In today’s distributed systems landscape, observability is crucial for understanding and debugging complex applications. Today, I’m excited to share details about otel-worker. Think of it as an OpenTelemetry collector, but without the YAML complexity and heavy infrastructure.
We built otel-worker after encountering some persistent latency with Cloudflare’s D1, where the real bottleneck was elusive. We wanted a straightforward, powerful way to capture, store, and analyze our production traces.
There are existing OpenTelemetry observability solutions including Datadog (if you enjoy throwing money at problems), Baselime, and open source projects, but we decided to roll our own, written in Rust and specifically geared towards Cloudflare Workers. This has some key benefits:
- Traditional OpenTelemetry collectors require significant infrastructure
- Why process telemetry in
us-east-1
when you can can store them directly at the edge with Cloudflare’s D1 (we know; Cloudflare has not yet implemented read replicas for D1 yet) - No YAML
We chose Rust as it’s a team-favorite tool inside of Fiberplane and we like writing sharp tools in it, such as our TUI log tailing CLI, Fogwatch.
Alongside Rust, we use the Axum crate for our API. The code is split into
several crates: otel-worker
and otel-worker-core
. The otel-worker-core
crate contains all the shared code that is used by both the otel-worker
crate and our otel-worker-cli
application. The otel-worker
crate contains all
the specifics for running our OTLP ingestion code on Cloudflare.
This includes: the workers-rs code, a Store implementation that targets
Cloudflare’s D1 database, and a WebSocket implementation that leverages
Durable Objects for maintaining persistent connections.
The otel-worker-cli
is our Swiss Army knife for interacting with the
otel-worker system, whether you’re developing locally or managing a
production deployment. At its core, it provides a local development server
that mimics the Cloudflare Worker environment, allowing you to test your
OpenTelemetry setup without deploying to the cloud. But where it really shines
is in its comprehensive set of management commands. Need to inspect your traces?
The CLI lets you list all traces or dive deep into specific spans with simple
commands like cargo cli client traces list
or cargo cli client spans get <trace-id> <span-id>
.
For cleanup operations, you can delete individual spans or entire traces just as
easily. The CLI also includes handy system management commands for tasks like database
cleanup, and for the debugging enthusiasts, there’s a hidden WebSocket monitoring tool
that lets you watch real-time trace updates as they flow through the system.
Getting started
The otel-worker
implements the OTLP/HTTP spec
and supports both JSON and Protocol Buffers encoding (gRPC is not supported).
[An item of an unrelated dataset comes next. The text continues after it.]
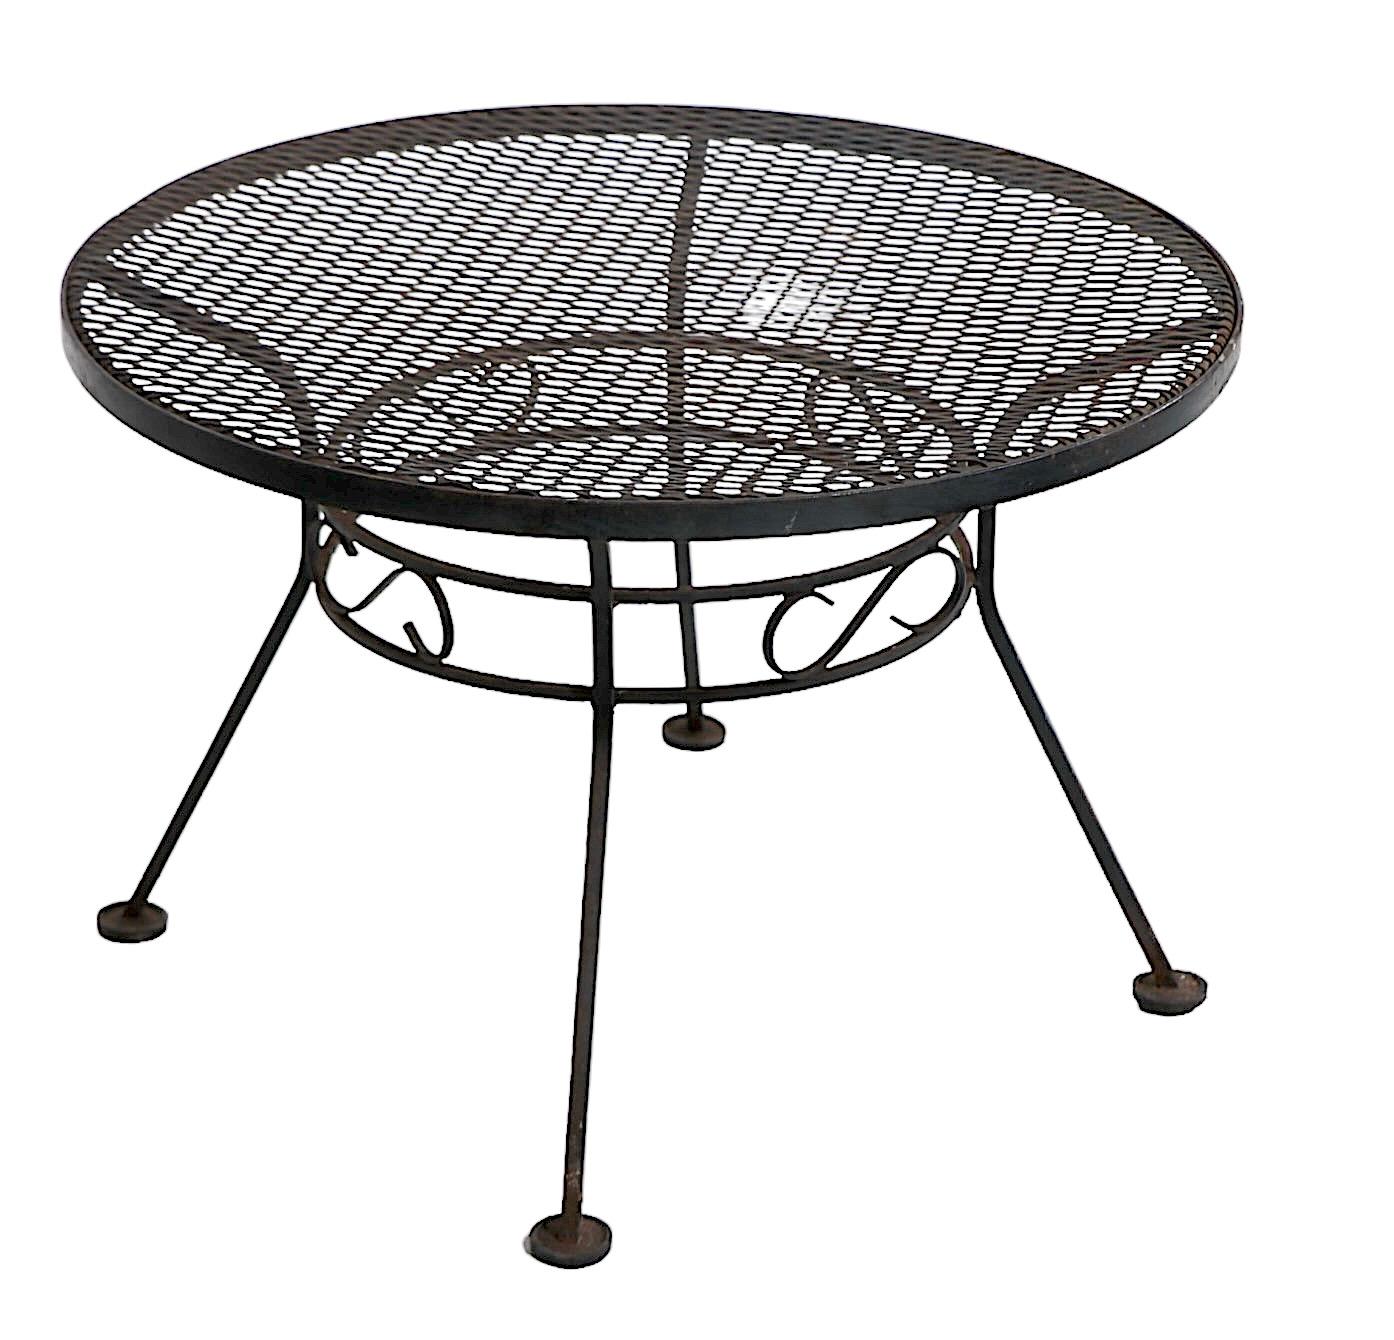 American  Small Wrought Iron  Garden Patio Poolside Table by Woodard c. 1940/60's For Sale

It includes HTTP endpoints to retrieve traces and a web-socket endpoint for realtime
notifications about new traces.
Authentication
The otel-worker
uses simple bearer token authentication, which is required
for both the OTLP/HTTP endpoints and the traces endpoints.
You’ll configure this token using an environment variable during setup.
Local Development Setup
To get started with local development, you’ll need:
- Rust installed
- The Wrangler CLI installed
Once you’ve cloned the repository, create a new D1 database and apply the migrations:
npx wrangler d1 create fiberplane-otel-dbnpx wrangler d1 migrations apply fiberplane-otel-db
Then update your wrangler.toml
to include the database configuration:
database_name = "fiberplane-otel-db"# change the databse_id to whatever was output by the wrangler d1 create commanddatabase_id = "id-of-fiberplane-otel-db"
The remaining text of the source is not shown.